# Problem statement
In the listing below, find the line containing "Op 12-02-2018 our" and the line containing "GLASS OCEAN //". Repeat exactly those two lines and every line between them.

# Source material

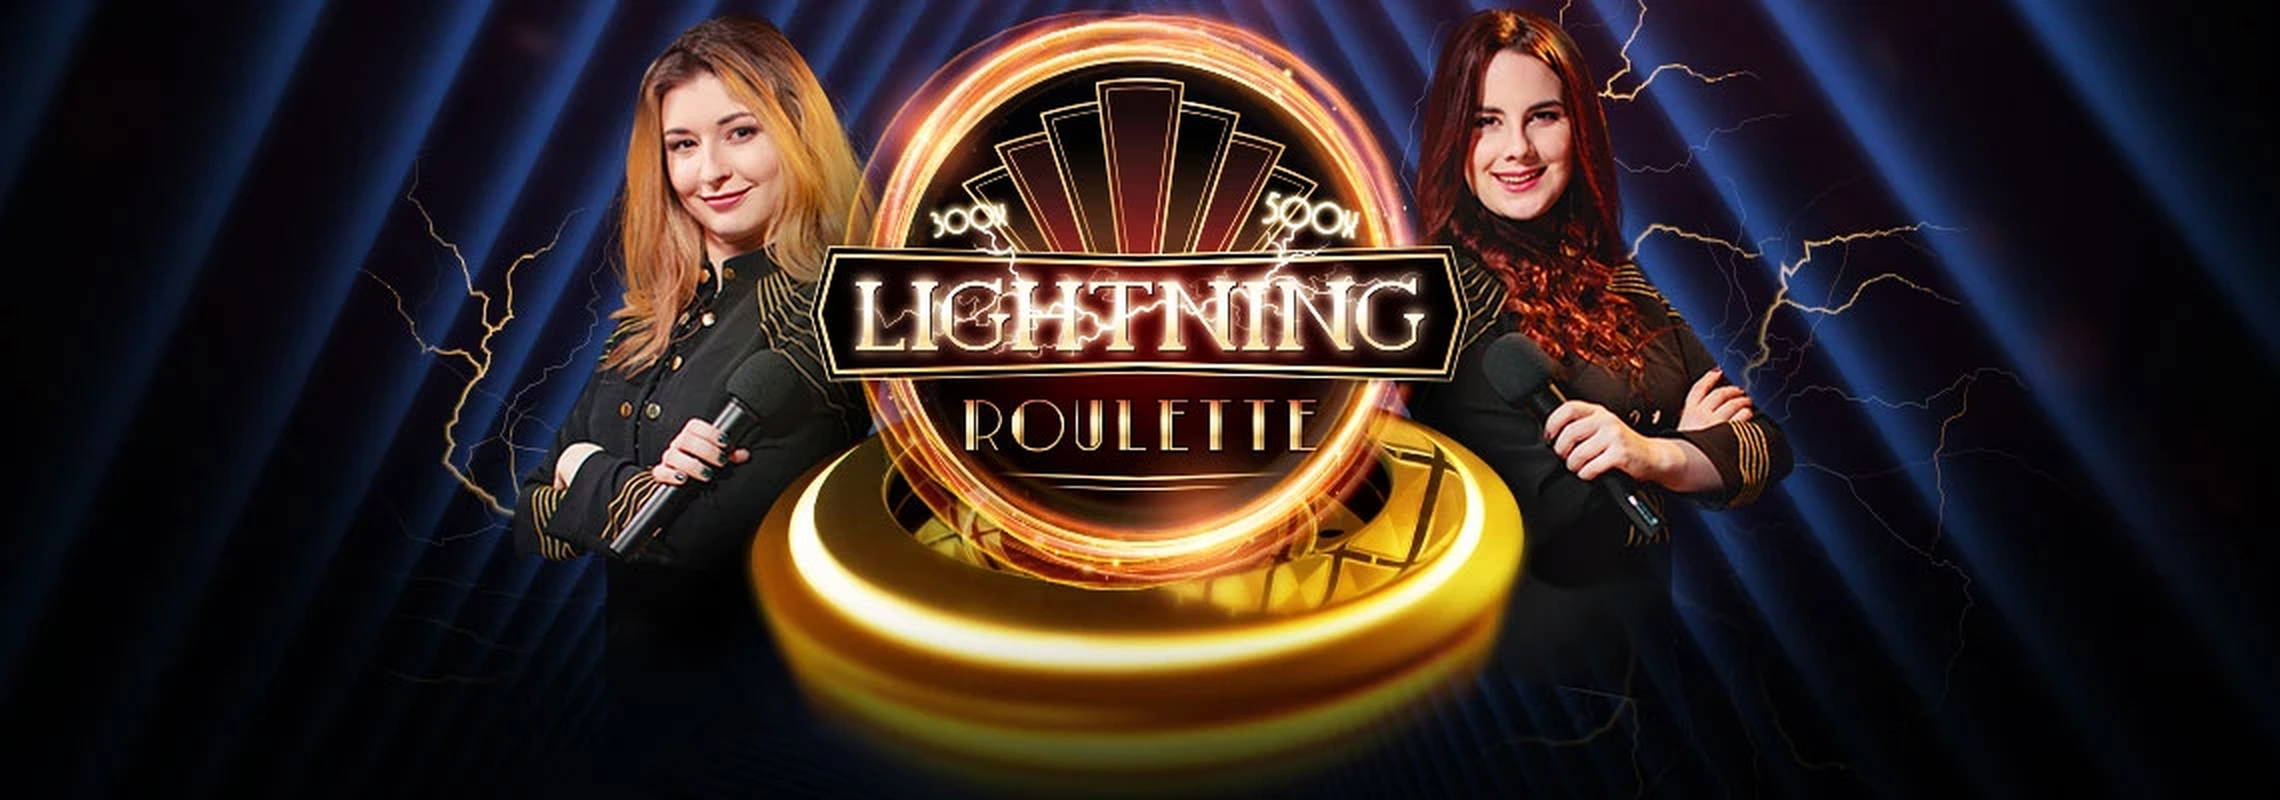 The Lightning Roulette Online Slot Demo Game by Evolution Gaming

==

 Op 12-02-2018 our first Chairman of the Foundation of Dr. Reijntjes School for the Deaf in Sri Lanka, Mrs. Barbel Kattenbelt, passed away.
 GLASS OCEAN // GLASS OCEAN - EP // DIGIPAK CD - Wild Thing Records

# Your response
 Op 12-02-2018 our first Chairman of the Foundation of Dr. Reijntjes School for the Deaf in Sri Lanka, Mrs. Barbel Kattenbelt, passed away.
 GLASS OCEAN // GLASS OCEAN - EP // DIGIPAK CD - Wild Thing Records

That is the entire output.